There are a lot of parameters allowing to customize the pipeline. They can be grouped into several categories. The parameters will be displayed when running splash without parameters (or with --help).

Input

  • input_file — positional argument, path to the file where input samples are defined, the format is: per each line {sample_name} {path} path is a fastq[.gz] file in case of non-10X and txt file for 10X/Visium where the content of text file is {first_file.fastq[.gz]},{second_file.fastq[.gz]} per line

Base configuration

  • --outname_prefix — prefix of output file names (default: result)
  • --anchor_len — anchor length (default: 31)
  • --gap_len — gap length, if 'auto' it will be inferred from the data, in the opposite case it must be an int (default: 0)
  • --target_len — target length (default: 31)
  • --anchor_list — list of accepted anchors, this is path to plain text file with one anchor per line without any header (default accept all anchors)
  • --pvals_correction_col_name — for which column correction should be applied (default: pval_opt)
  • --technology — Technology used to generate the input data, must be one of 'base', '10x', 'visium' (default: base)
  • --without_compactors — if used compactors will not be run (default: False)
  • --compactors_config — optional json file with compactors configuration, example file content: { "num_threads": 4, "epsilon": 0.001 } (default: )
  • --lookup_table_config — optional json file with configuration of lookup_table, if not specified lookup_tables are not used (default: )

Filters and thresholds

  • --poly_ACGT_len — filter out all anchors containing poly(ACGT) of length at least <poly_ACGT_len> (0 means no filtering) (default: 8)
  • --artifacts — path to artifacts, each anchor containing artifact will be filtered out (default: )
  • --dont_filter_illumina_adapters — if used anchors containing Illumina adapters will not be filtered out (default: False)
  • --anchor_unique_targets_threshold — filter out all anchors for which the number of unique targets is <= anchor_unique_targets_threshold (default: 1)
  • --anchor_count_threshold — filter out all anchors for which the total count <= anchor_count_threshold (default: 50)
  • --anchor_samples_threshold — filter out all anchors for which the number of unique samples is <= anchor_samples_threshold (default: 1)
  • --anchor_sample_counts_threshold — filter out anchor from sample if its count in this sample is <= anchor_sample_counts_threshold (default: 5)
  • --n_most_freq_targets_for_stats — use at most n_most_freq_targets_for_stats for each contingency table, 0 means use all (default: 0)
  • --n_most_freq_targets_for_dump — use when dumping satc (txt or binary), resulting file will only contain data for n_most_freq_targets_for_dump targets in each anchor, 0 means use all (default: 0)
  • --fdr_threshold — keep anchors having corrected p-val below this value (default: 0.05)
  • --min_hamming_threshold — keep only anchors with a pair of targets that differ by >= min_hamming_threshold (default: 0)
  • --keep_top_n_target_entropy — select keep_top_n_target_entropy records with highest target entropy (0 means don't select) (default: 10000)
  • --keep_top_n_effect_size_bin — select keep_top_n_effect_size_bin records with highest effect size bin (0 means don't select) (default: 20000)
  • --keep_significant_anchors_satc — if set there will be additional output file in SATC format with all significant anchors (default: False)
  • --keep_top_target_entropy_anchors_satc — if set there will be additional output file in SATC format with top target entropy significant anchors (default: False)
  • --keep_top_effect_size_bin_anchors_satc — if set there will be additional output file in SATC format with top effect size bin anchors (default: False)
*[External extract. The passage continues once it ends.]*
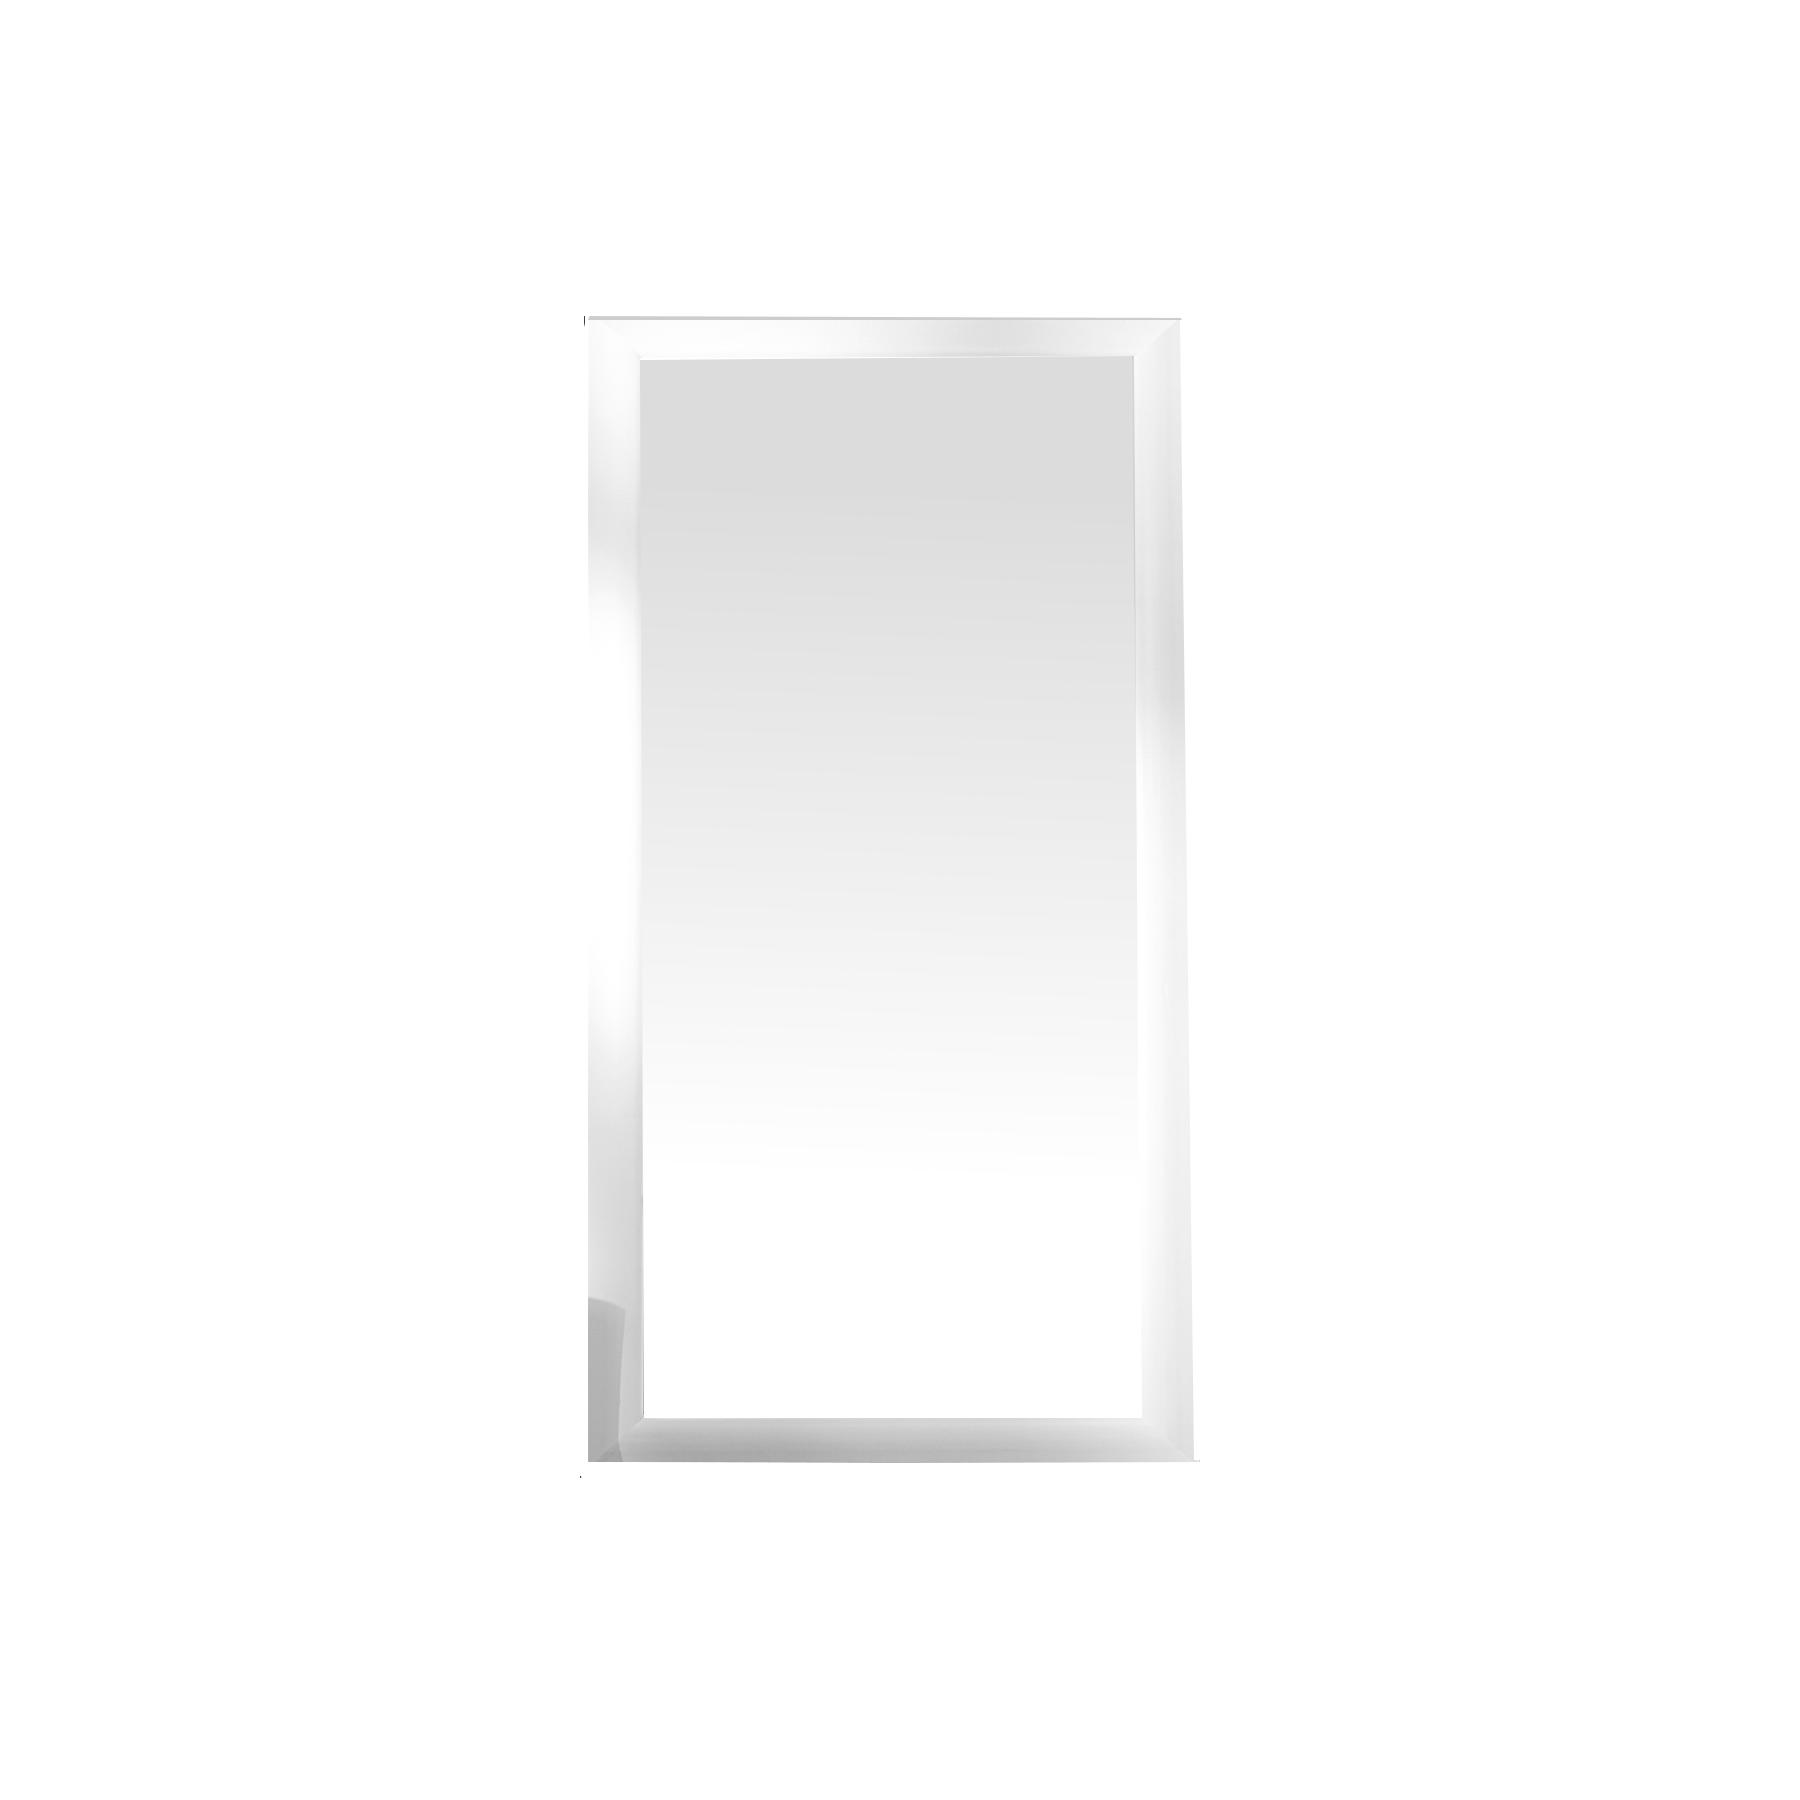 gro er design spiegel espejo weiss matt 180x85 cm wandspiegel badspiegel ebay. Black Bedroom Furniture Sets. Home Design Ideas

Additional output configuration

  • --dump_Cjs — output Cjs (default: False)
  • --max_pval_opt_for_Cjs — dump only Cjs for anchors that have pval_opt <= max_pval_opt_for_Cjs (default: 0.1)
  • --n_most_freq_targets — number of most frequent targets printed per each anchor (default: 10)
  • --with_effect_size_cts — if set effect_size_cts will be computed (default: False)
  • --with_pval_asymp_opt — if set pval_asymp_opt will be computed (default: False)
  • --without_seqence_entropy — if set sequence entropy for anchor and most freq targets will not be computed (default: False)
  • --sample_name_to_id — file name with mapping sample name <-> sample id (default: sample_name_to_id.mapping.txt)
  • --dump_sample_anchor_target_count_txt — if set contingency tables will be generated in text format (default: False)
  • --dump_sample_anchor_target_count_binary — if set contingency tables will be generated in binary (SATC) format, to convert to text format later satc_dump program may be used, it may take optionally mapping from id to sample_name (--sample_names param) (default: False)
  • --supervised_test_samplesheet — if used script for finding/visualizing anchors with metadata-dependent variation will be run (forces --dump_sample_anchor_target_count_binary) (default: )
  • --supervised_test_anchor_sample_fraction_cutoff — the cutoff for the minimum fraction of samples for each anchor (default: 0.4)
  • --supervised_test_num_anchors — maximum number of anchors to be tested example (default: 20000)

Tuning statistics computation

  • --opt_num_inits — the number of altMaximize random initializations (default: 10)
  • --opt_num_iters — the maximum number of iterations in altMaximize (default: 50)
  • --num_rand_cf — the number of random c and f used for pval_base (default: 50)
  • --num_splits — the number of contingency table splits (default: 1)
  • --opt_train_fraction — use this fraction to create training data from contingency table (default: 0.25)
  • --without_alt_max — if set int alt max and related stats will not be computed (default: False)
  • --without_sample_spectral_sum — if set sample spectral sum will not be computed (default: False)
  • --Cjs_samplesheet — path to file with predefined Cjs for non-10X supervised mode (default: )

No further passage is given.